Washington (AFP) - Sales of existing homes, the bulk of the US housing market, surged higher in May as price growth eased, industry data released Monday showed.
The National Association of Realtors said total existing-home sales rose 4.9 percent to an annual rate of 4.89 million units in May, from April's 4.66 million unit pace.
Sales of existing homes have rebounded for two straight months from the first-quarter slump, in part blamed on bad winter weather in large areas of the country.
May's sales of single-family homes, townhomes, condos and co-ops came in stronger than analysts' expectations of a pace of 4.80 million units. But they were 5.0 percent below the year-ago rate.

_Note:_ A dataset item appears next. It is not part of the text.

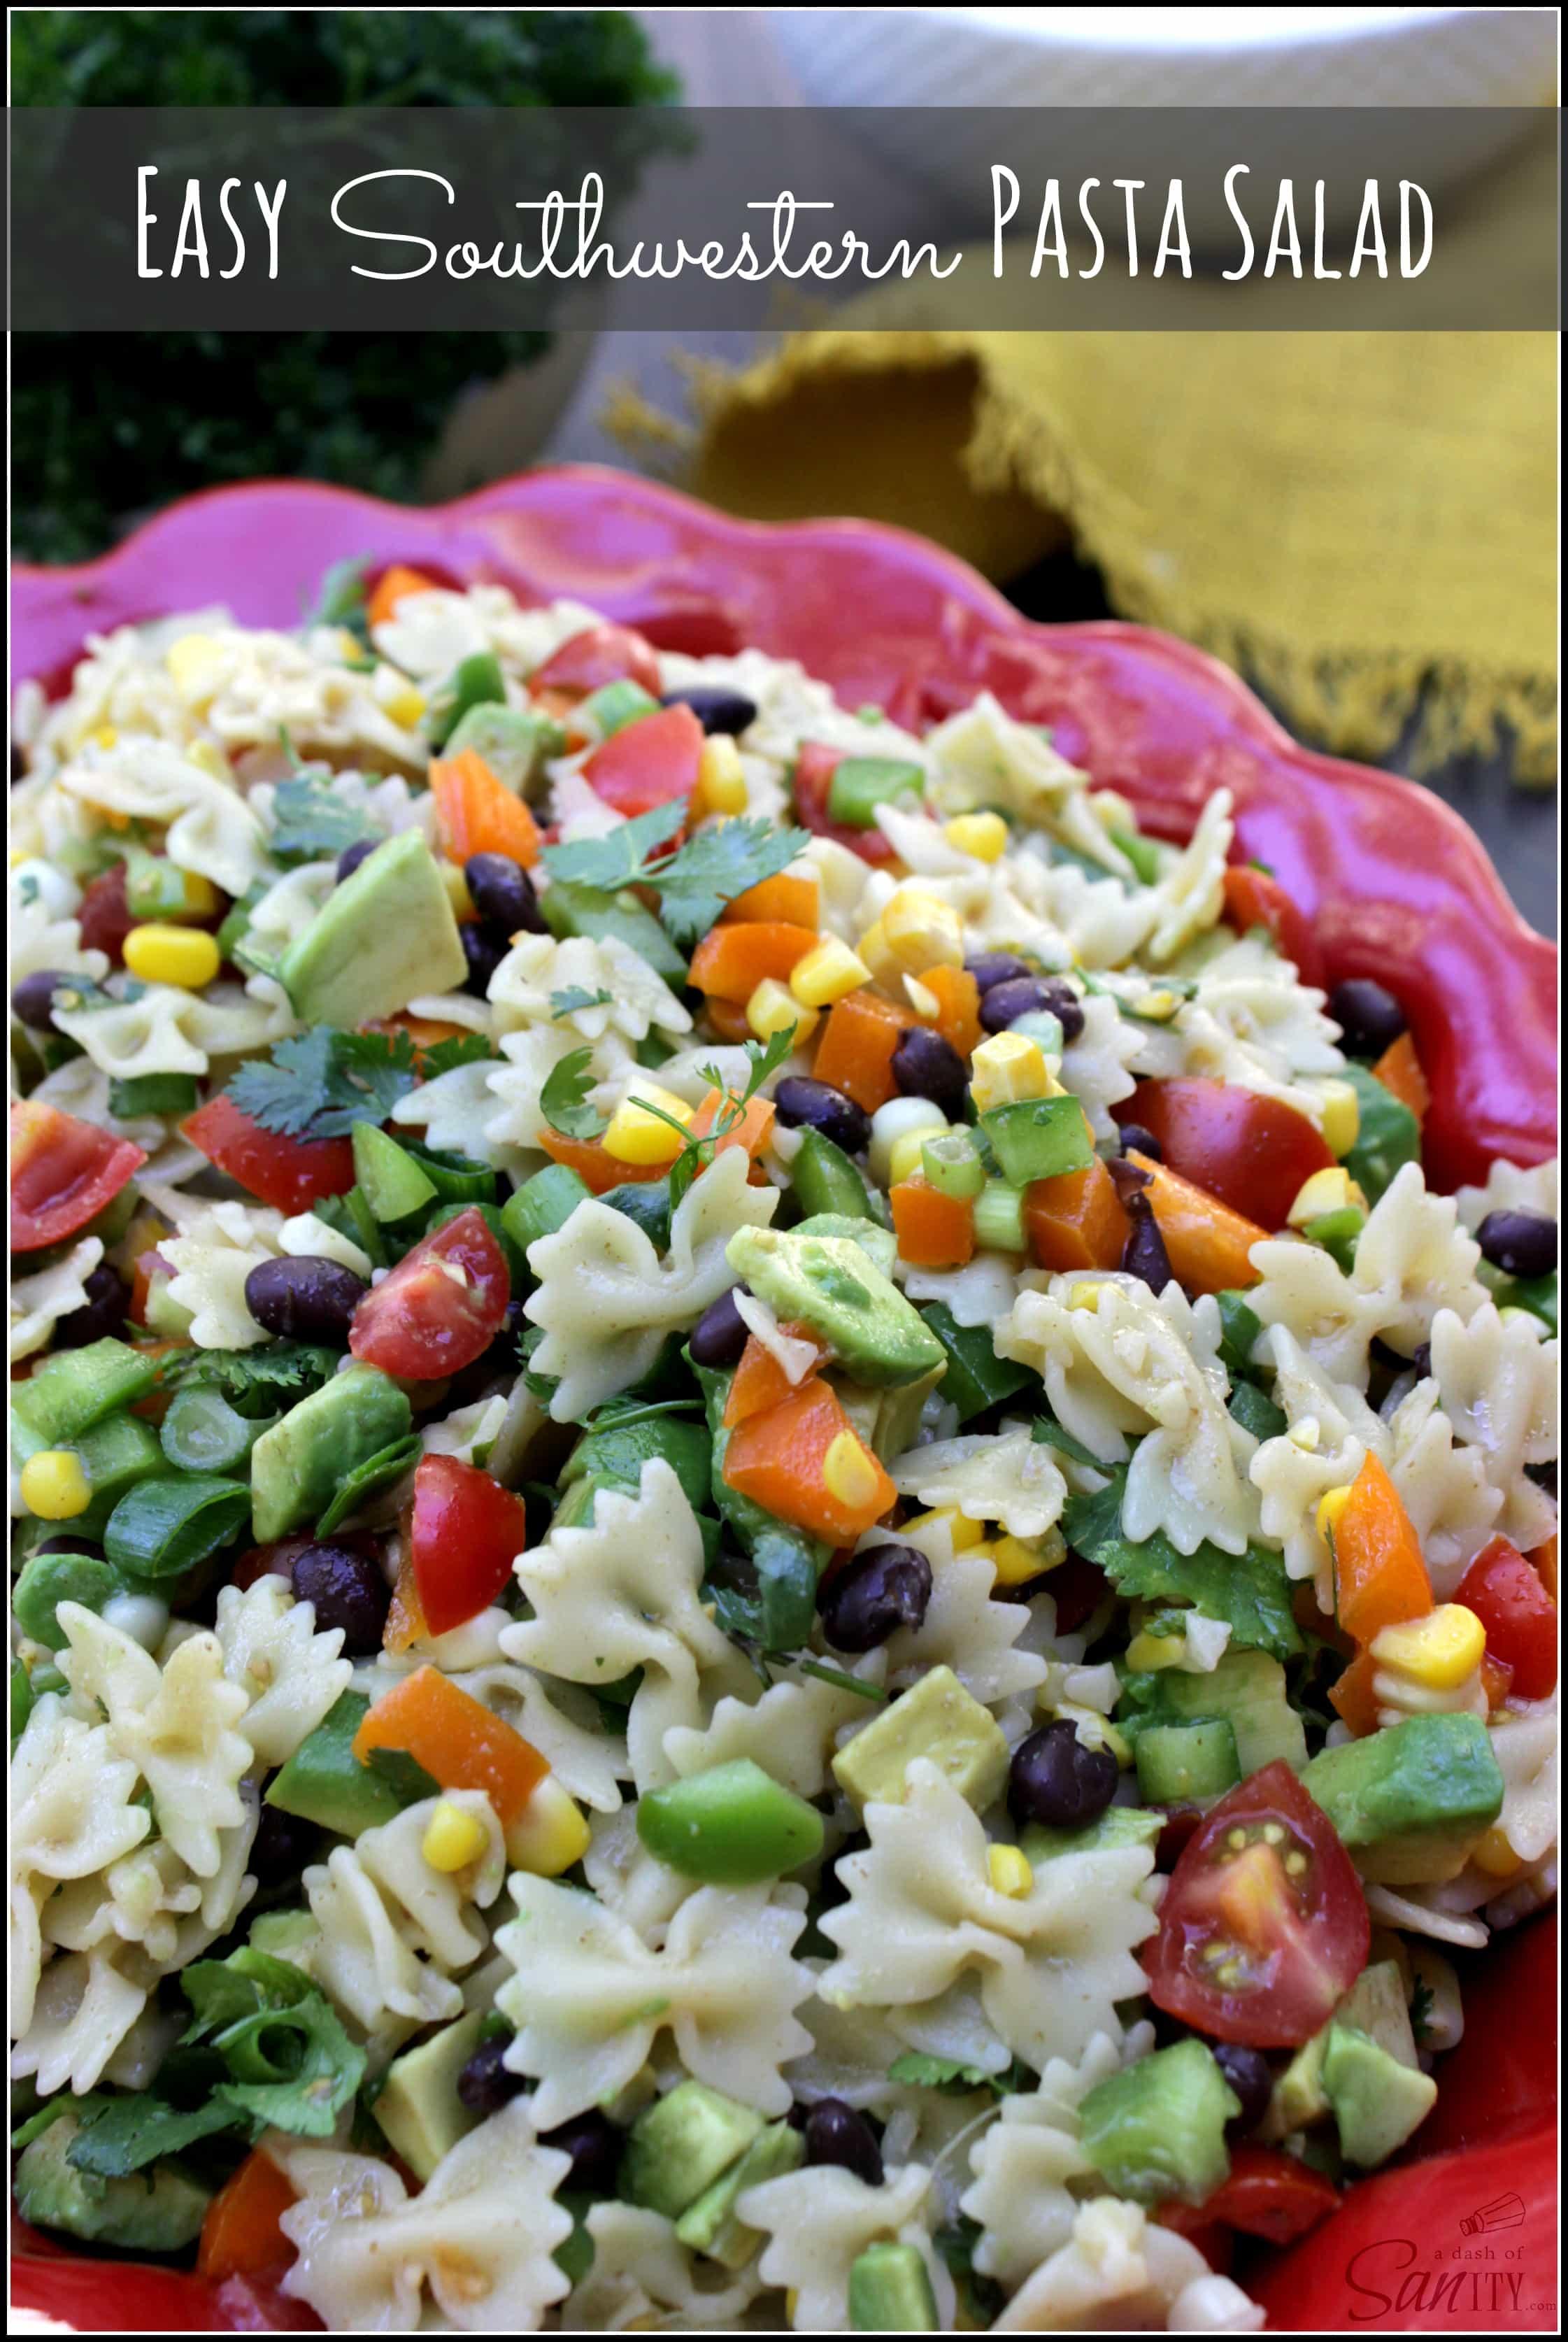 Easy Southwestern Pasta Salad

The housing market recovery has sputtered for more than a year under pressure from higher mortgage interest rates, lack of inventory that pushed prices higher, and high unemployment.

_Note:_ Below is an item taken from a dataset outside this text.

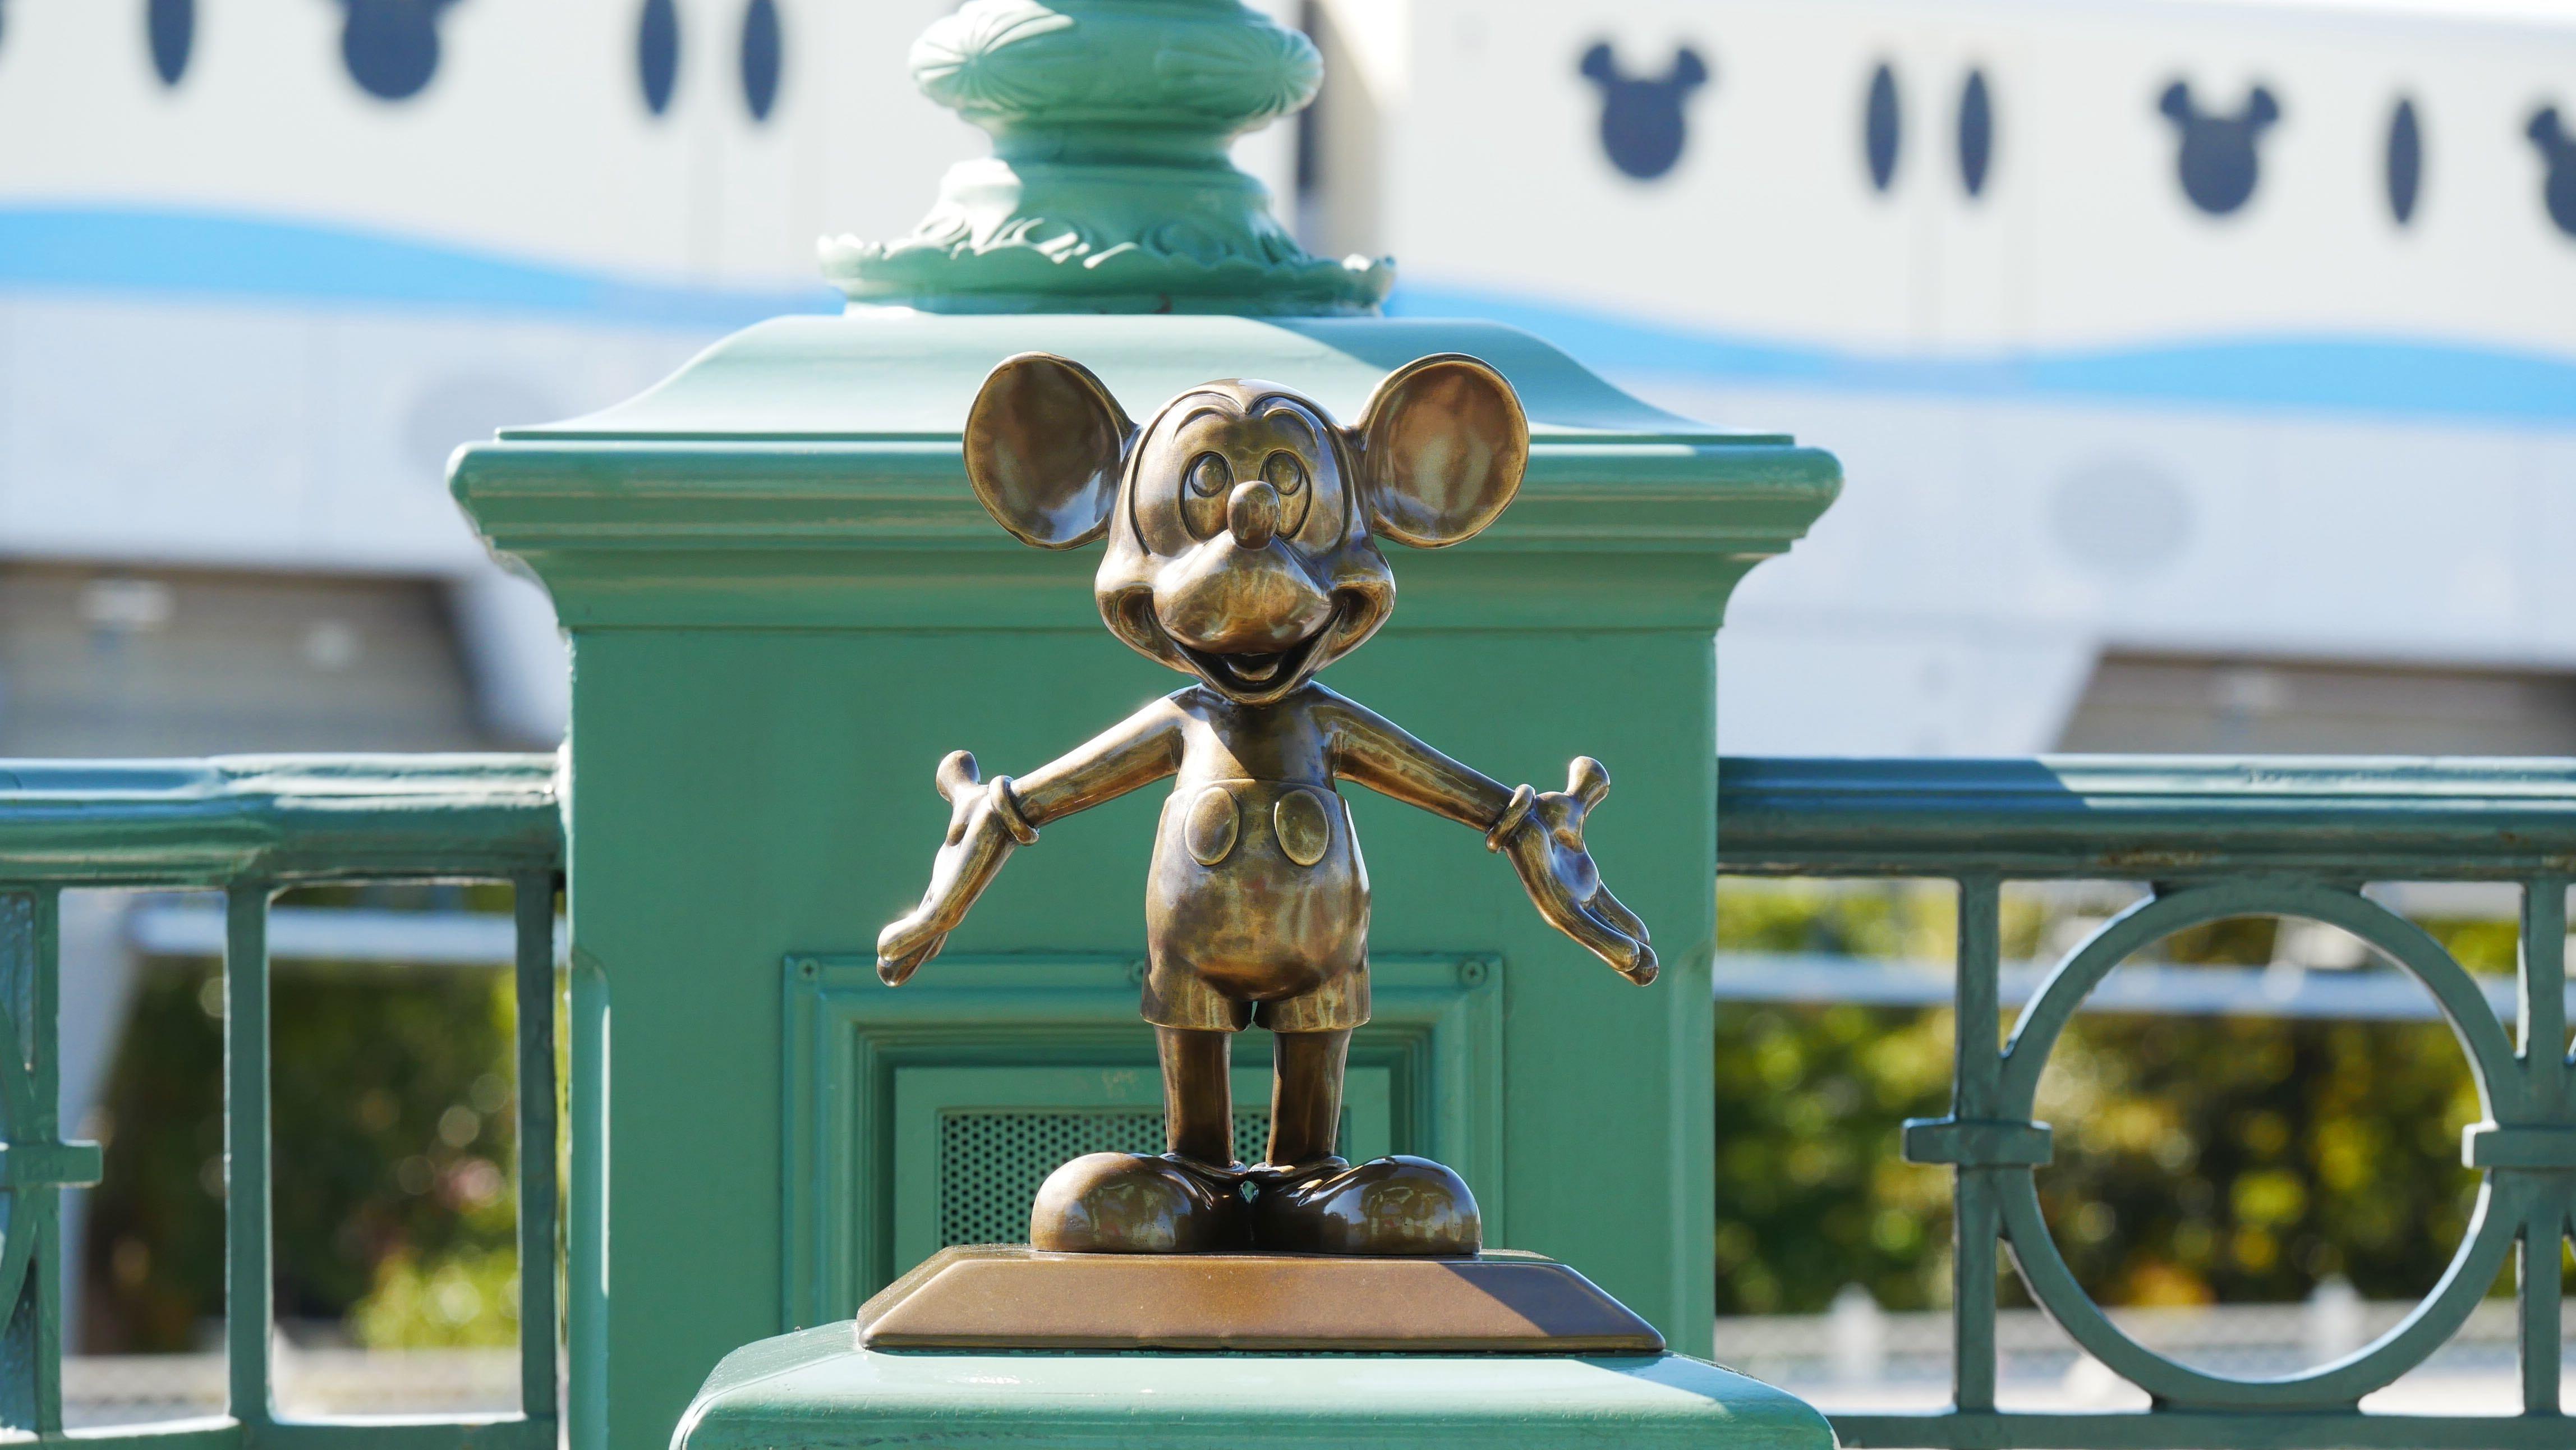 Tokyo Disneyland Mickey Statue

"Home buyers are benefiting from slower price growth due to the much-needed, rising inventory levels seen since the beginning of the year," said Lawrence Yun, NAR chief economist.
"Moreover, sales were helped by the improving job market and the temporary but slight decline in mortgage rates."

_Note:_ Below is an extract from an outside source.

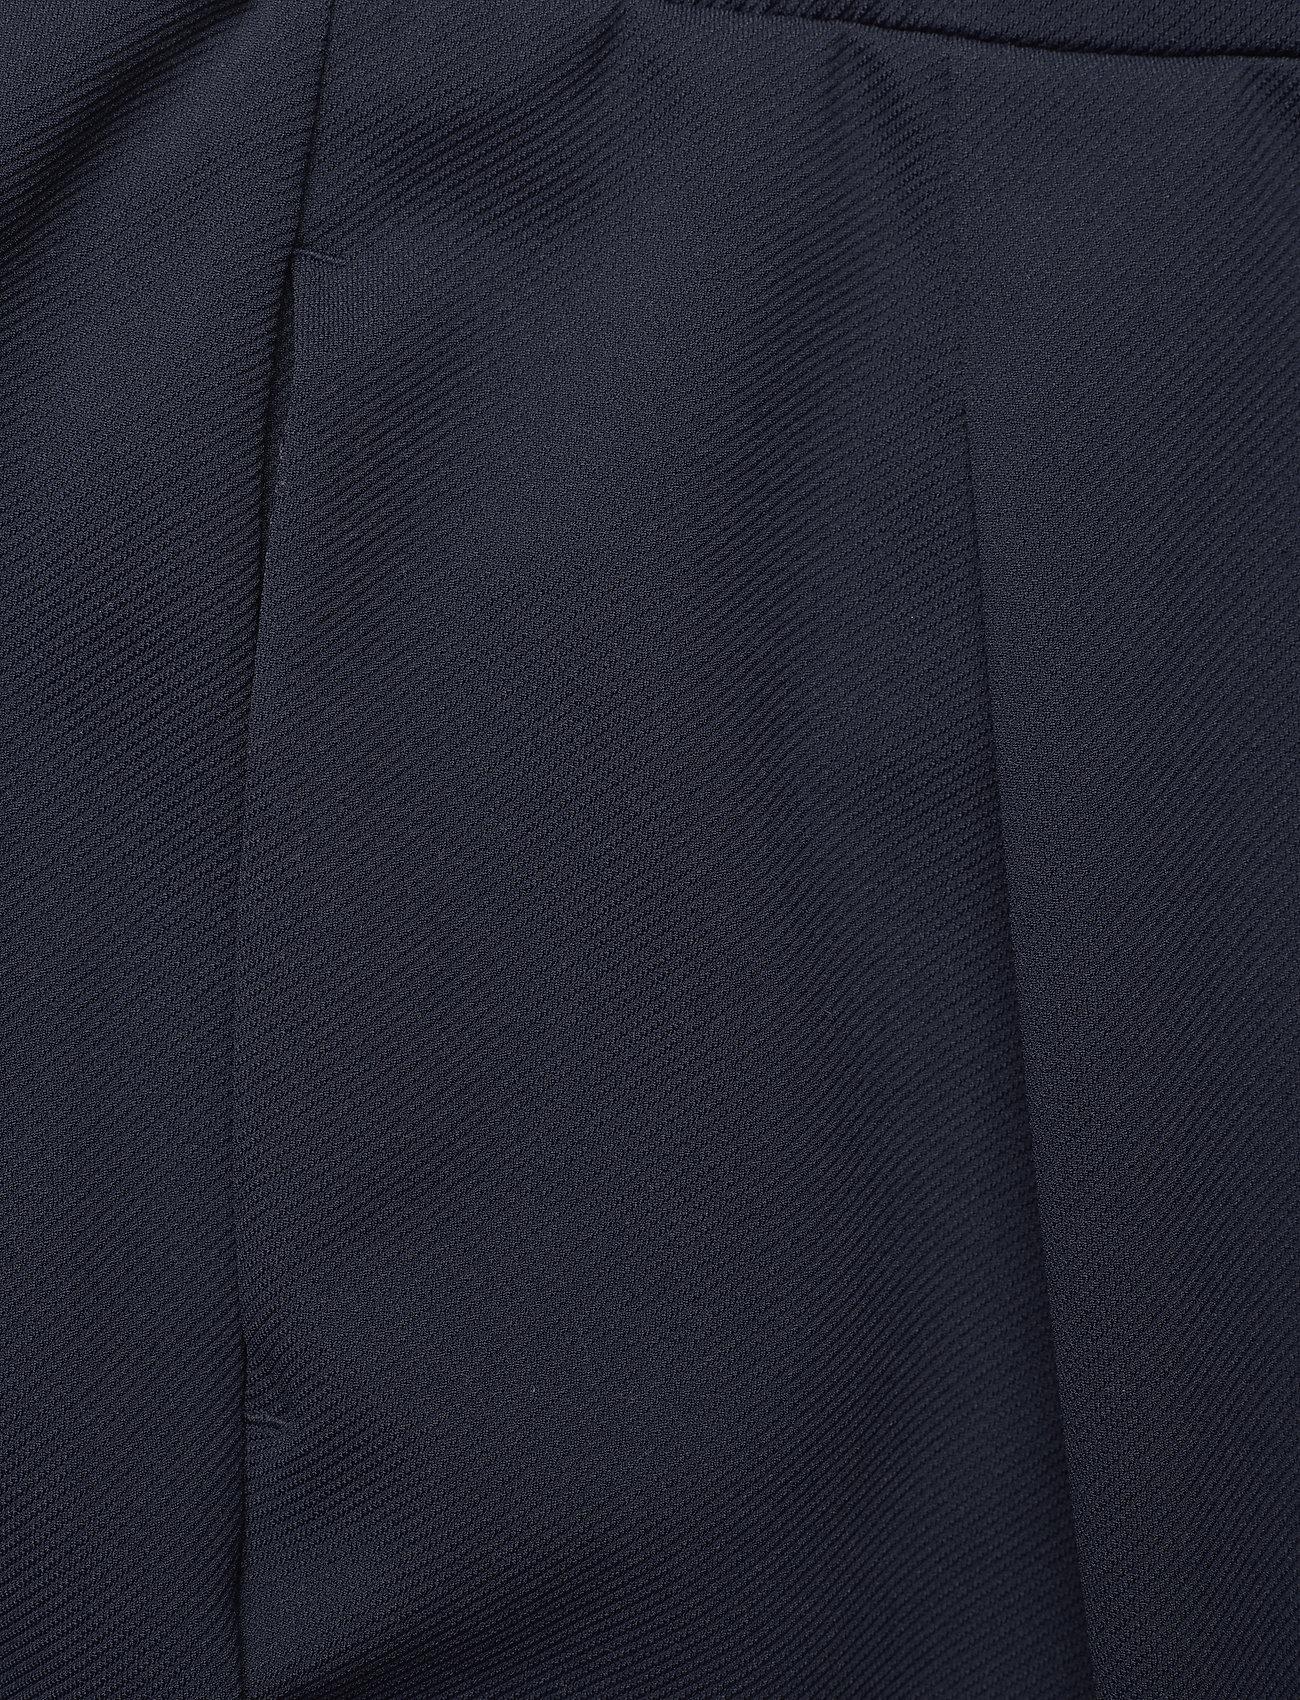 Max Mara Leisure - MILENA - wide leg trousers - navy - 2

Inventory rose 2.2 percent to 2.28 million homes, to a 5.6-month supply at the current sales pace, down a tenth point from April.
The median price was $213,400, up 5.1 percent from a year ago.
"This is the strongest pace of sales since October 2013 and reinforces our expectation of a pickup in housing activity in the second half of the year following a soft Q1 that was affected by unusually severe winter weather," said Barclays analyst Cooper Howes in a research note.